Am I the only one who thought Avatar was just an ok movie? Not something Id want to watch a year from now.

also this reminds me of how Richard Garriot went into space. Id rather go into space then deep underwater.

Avatar was average. yes.

I would much rather go deep sea, atleast there is life down there. Nothing is in space(ok, space around earth/our solar system) that is living or interesting. Just rocks and lack of gravity.. i think id get over that pretty quick. Exploring places never seen by man(in any light, unlike space with lots of pictures, films, etc), and not only that, places full of life never seen.. that is something i would never pass up, even if it was between space and the ocean.
 
IMO, space and the deep sea are apples and oranges; studying them both makes our knowledge more holistic. That said, if we're going to talk about surface (as opposed to underground) environments, the ocean floor is truly the final frontier. Abyssal plains alone cover more area than all of the continents put together, and we're limited to studying it (to use an analogy from a book) like someone who's tethered to a balloon two miles overhead trying to study the land surface. Finally, many deep sea environments may be similar to those that might exist on Europa or Enceladus, the two favorites for current life in the Solar System beyond Earth (or for that matter, past ones on Mars), so the two fields aren't as separate as they seem.
 
They are not seperate, but i think its silly of mankind to be exploring space and other planets before we even explore our own. For all we know there is some ridiculously awesome organic life down there that could provide a cure to cancer, reduced aging, you name it. All of the greatest medical innovations are related to life and whats around us being manipulated, and we've only had the chance to manipulate such a small percentage. Lets get down there already and take the deep ocean seriously!
 
^indeed, remember the recent fungus found which eats non-degradable plastics?


still, at the same time we wouldn't want to be ruining the ecosystem down there neither. finding something of value in the depths could be a double edged sword.
 
^indeed, remember the recent fungus found which eats non-degradable plastics?


still, at the same time we wouldn't want to be ruining the ecosystem down there neither. finding something of value in the depths could be a double edged sword.
The same can be said for everything. Antibiotics are a good example. We cannot have it both ways, ultimately whatever we find and fuck with, is going to have a negative impact. Its making the positive impact greater than the negative is whats important.

And when i say 'can be said for everything', i mean quite literally, very few if any discovery or invention has had no negative impact. The discovery of steel and developing ways to smelt and use it was great for mankind, in that it allowed us to build many great things... but also build the most diabolical of things including swords, guns, bombs and so on.

I dont think the fear of 'what if a really negative thing happens' should ever get in the way of seeking positive. If we did, we would be nowhere, wiped out by now.
 
i think its silly of mankind to be exploring space and other planets before we even explore our own. For all we know there is some ridiculously awesome organic life down there that could provide a cure to cancer, reduced aging, you name it.

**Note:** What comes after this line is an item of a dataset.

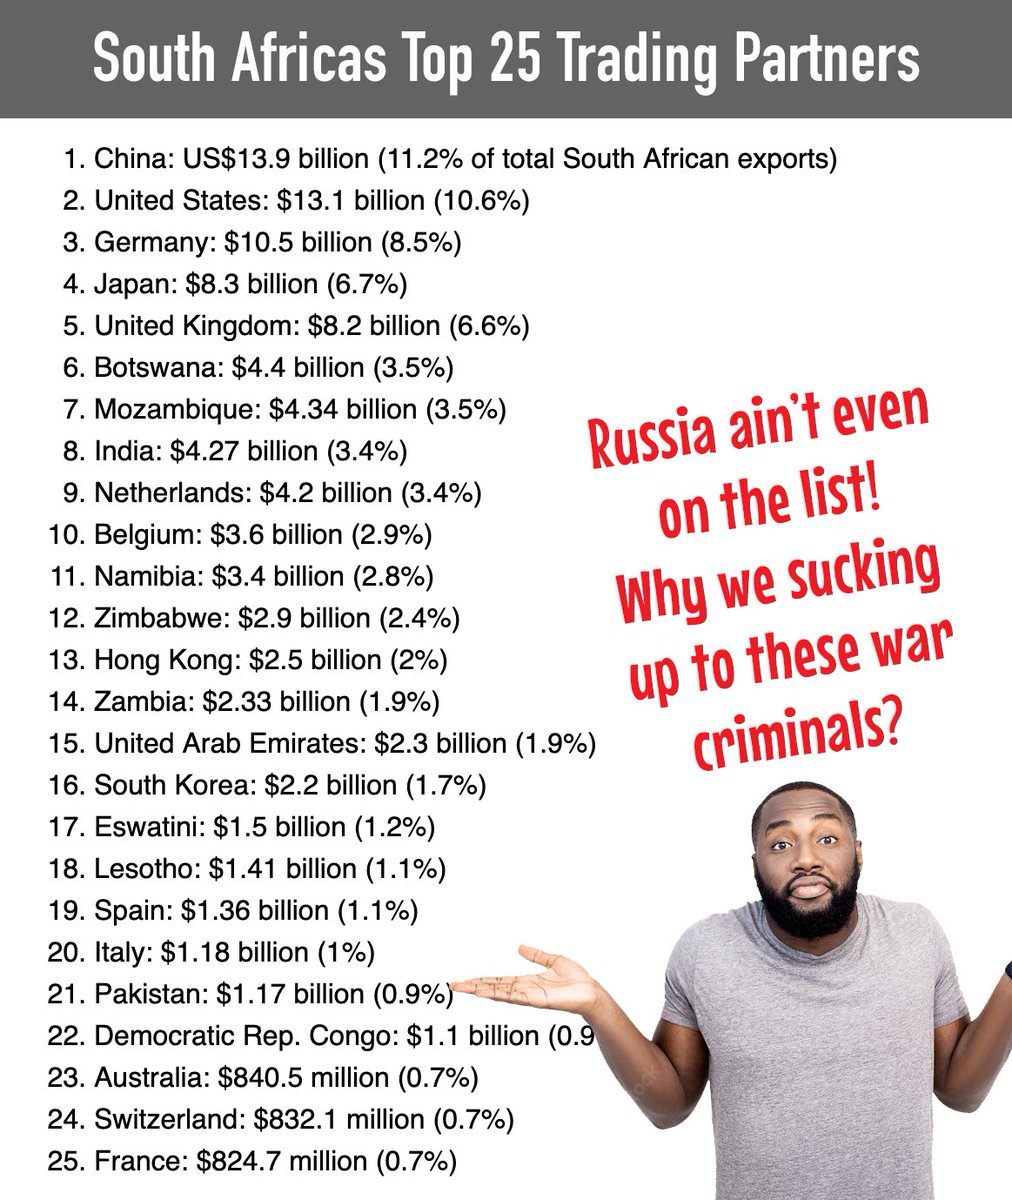 I really cannot understand why South Africa feel so obliged to support Russia? Apart from merely inconveniencing South Africa and exporting it useless ideology, what does South Africa gain from Russia?

Yeah but you could say that about other planets as well. Not to mention our Sun is going to expand billions of years from now, swallowing the Earth. So if Humans never leave Earth we will only last as long as that. Odds are we'll wipe ourselves out long before that but people talk about 2012 like its fact, when that is the only scientifically proven doomsday scenario (like guaranteed to happen, asteroids could happen but not guaranteed).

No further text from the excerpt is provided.